Luther attacked the abuses of the church. You err by assuming that those abuses were created by Christ Himself.
Not so! It started with the abuses of power and turned into reformation of theology as well. Luther claimed that what the Church teaches was in error and that he was the final arbitrer of what was right and wrong. Everyone else was in error according to him!
Yeah, right. People don’t seem to read what Luther wrote, instead developing their own ideas about his ideas and propagating those as his. In the Conclusion of “The Bondage of Free Will” (sic!) he writes to Erasmus of Rotterdam (author of “On Free Will”), “I greatly commend and extol you for this thing also, that you are the only man of all my antagonists that hath attacked the heart of the subject, the head of the cause [i.e.

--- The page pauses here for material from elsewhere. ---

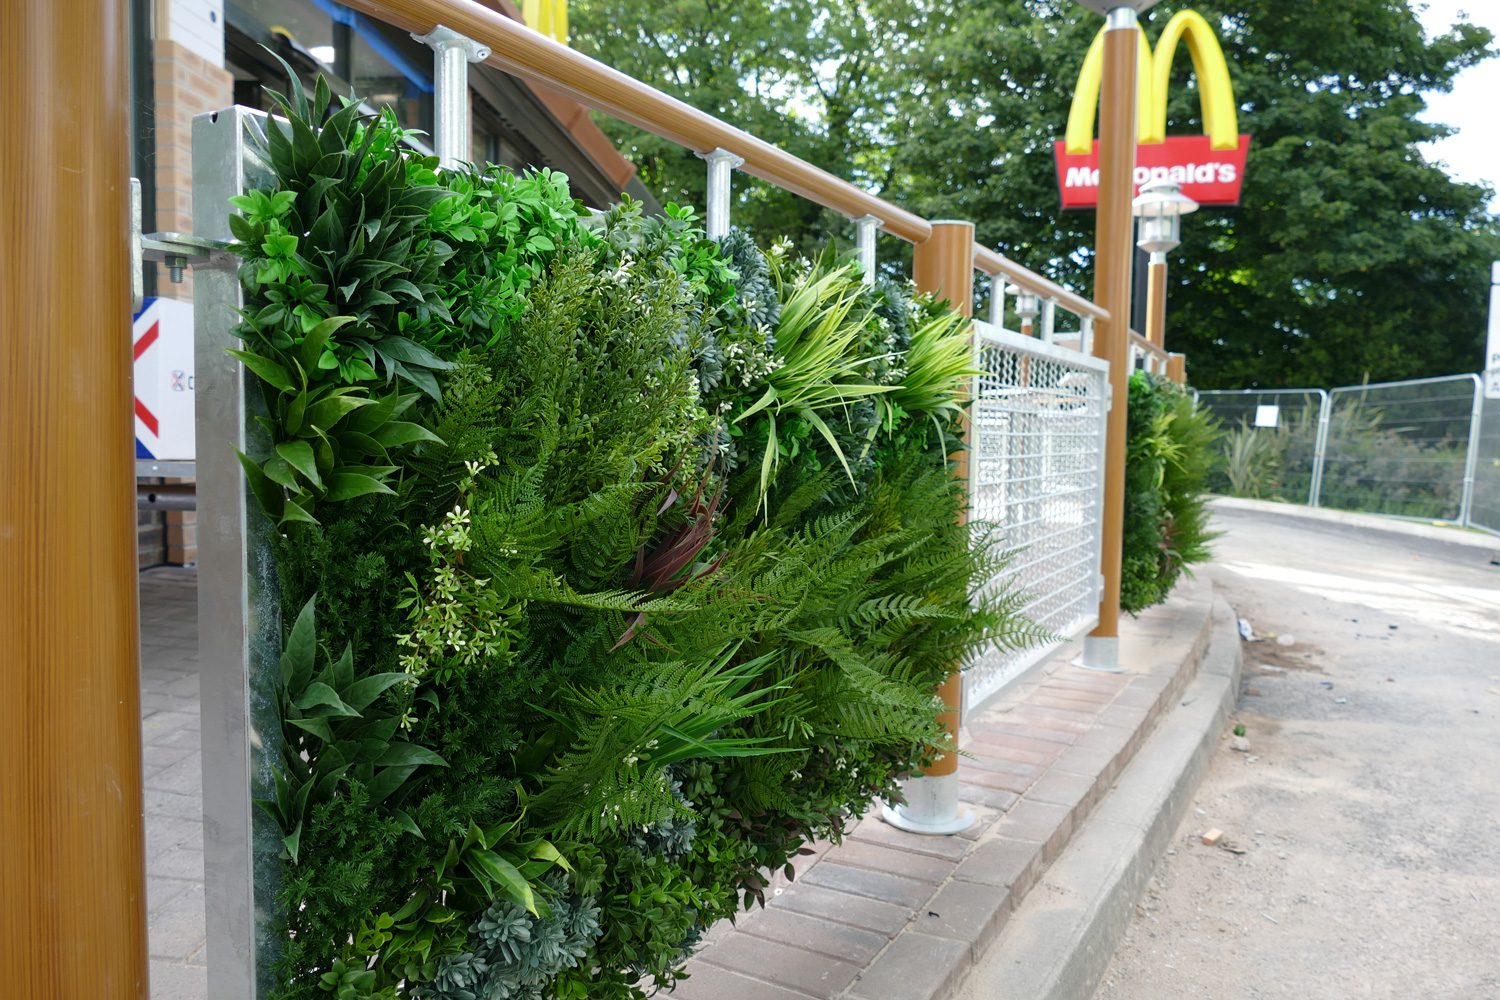 McDonalds After Artificial Green Wall Panels

Luther’s claim that we are not endowed by God with free will and so, we can’t really be expected to chose good over evil - hence, our evil actions would really be God’s fault, given Luther’s understanding of grace, which is as devious as it is outrageous]; instead of wearing me out with those extraneous points, the Papacy, Purgatory, Indulgences, and a number of like topics, which may more fitly be called trifles, than matters of debate : a sort of chase, in which nearly all my opponents have been hunting me hitherto in vain. You are that single and solitary individual, who hath seen the hinge of the matters in dispute, and hath aimed at the neck : I thank you for this from my heart [...]”. Undeterred by Erasmus’ rebuttal in Hyperaspistes, Luther himself continued to acknowledge that what he wrote in “The Bondage of Free Will” was most important to him, as he wrote 12 years later in a letter to Wolfgang Capito, “Regarding [the plan] to collect my writings in volumes, I am quite cool and not at all eager about it because, roused by a Saturnian hunger, I would rather see them all devoured. For I acknowledge none of them to be really a book of mine, except perhaps the one On the Bound Will and the Catechism.” But then, realizing what Luther really meant would make everyone run, not walk, back to the Roman Catholic Church faster than anyone could say “Luther.”